Like playing with image/video gen. Used to do it with ComfyUI. Amazing tool that’s reasonable easy to use. Was digging in ways to run Flux faster than ComfyUI on my Mac M1 8GB. 8GB isn’t a lot, but it’s doable, so trying to save as much memory as possible and a whole backend + advance ComfyUI frontend didn’t help increase the available RAM for the diffusion process. This is my code:
It works and generates images at 100s/it (instead of 300-400s/it on ComfyUI), but I would like to speed it up a bit, by using quantized T5 xxl, just as I did in ComfyUI (and would like to be able to use the same files as ComfyUI, like I have done with the UNET).

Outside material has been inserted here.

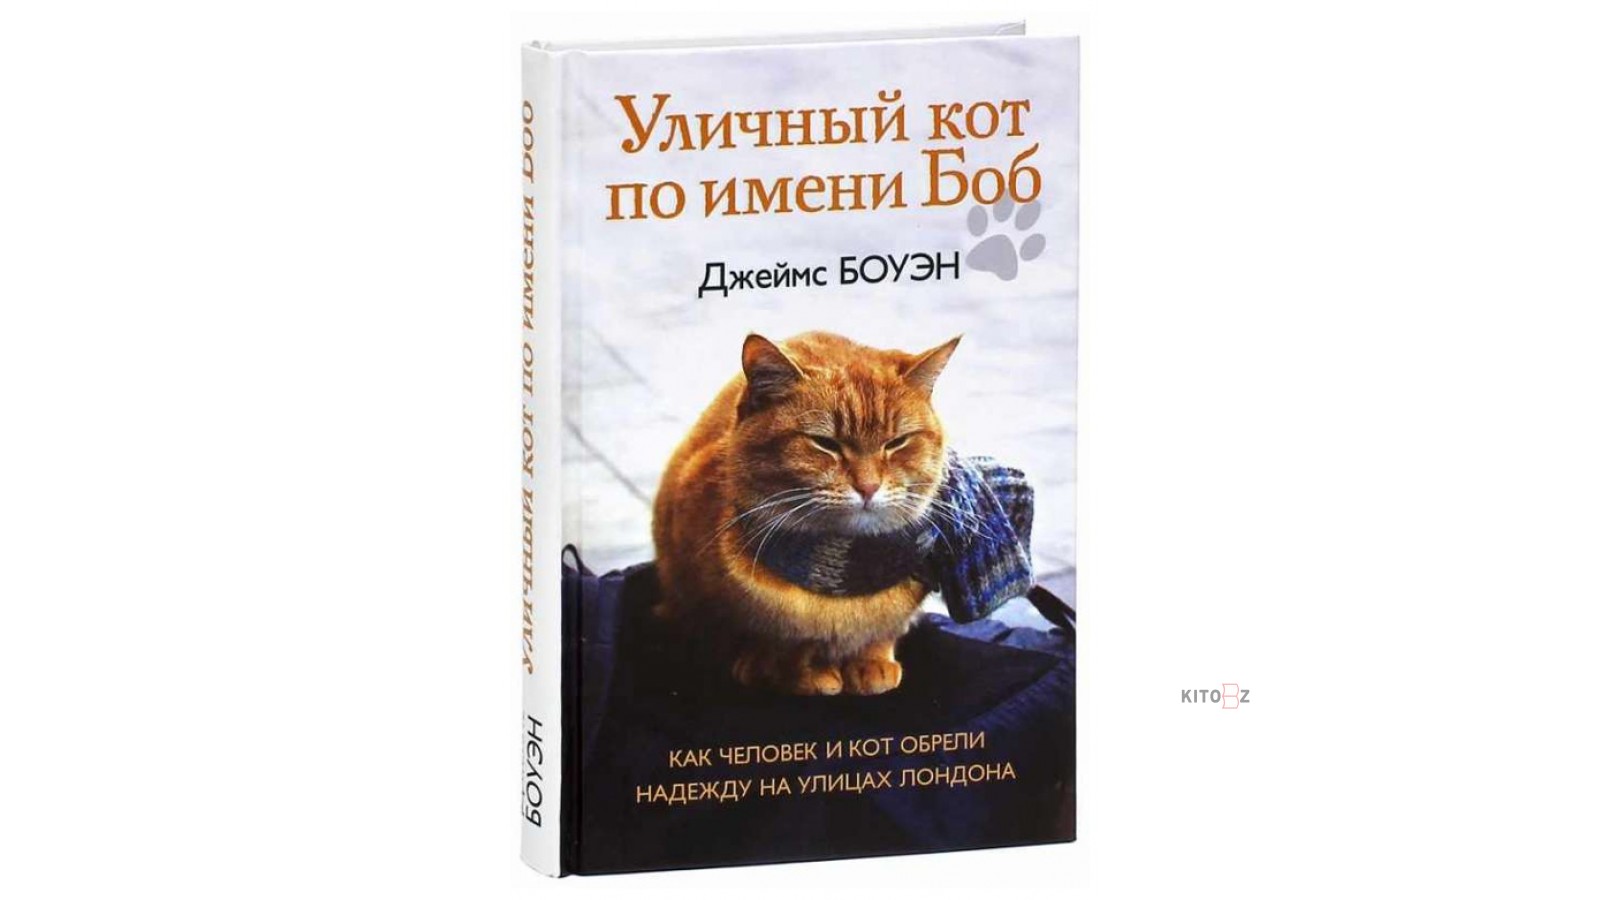 Книга про боба. Боуэн д. "кот по имени Боб". Кот по имени Боб книга. Уличный кот по имени Боб книга. Боуэн уличный кот по имени Боб книга.

Since T5EncoderModel is part of Transformers rather than Diffusers, it should be fine to load and use it as a Transformers model, but there may still be some bugs in the GGUF part.
If you don’t try to use the same file, you could load a different file using a different quantization method…
One possibility would be to first dequantize it and then quantize it on the fly in a different format?
How about torchao or bitsandbytes or optimum-quanto ?
3
Diffusers+Transoformers, ComfyUI, and A1111 WebUI are all completely different programs. Although their purposes and results are largely the same, their implementations are different. Compatibility is provided for convenience, but it is better to convert them in advance to avoid problems.
Hello
Thanks for reply again.
I tried the GGUF text_encoder thing, but really it didn’t save that much time. It had to de-quantize it to quantize it again (it did it automatically). So the time saved on the lower size (thus less swapping in the disk), was lost to the pre-work.
Hmm… Although it may defeat the purpose of using the same file, TorchAO or Quanto are recommended for speed optimization. If using the same file, apply these or bitsandbytes’ NF4 on the fly. GGUF is convenient, but offers little speed advantage other than loading.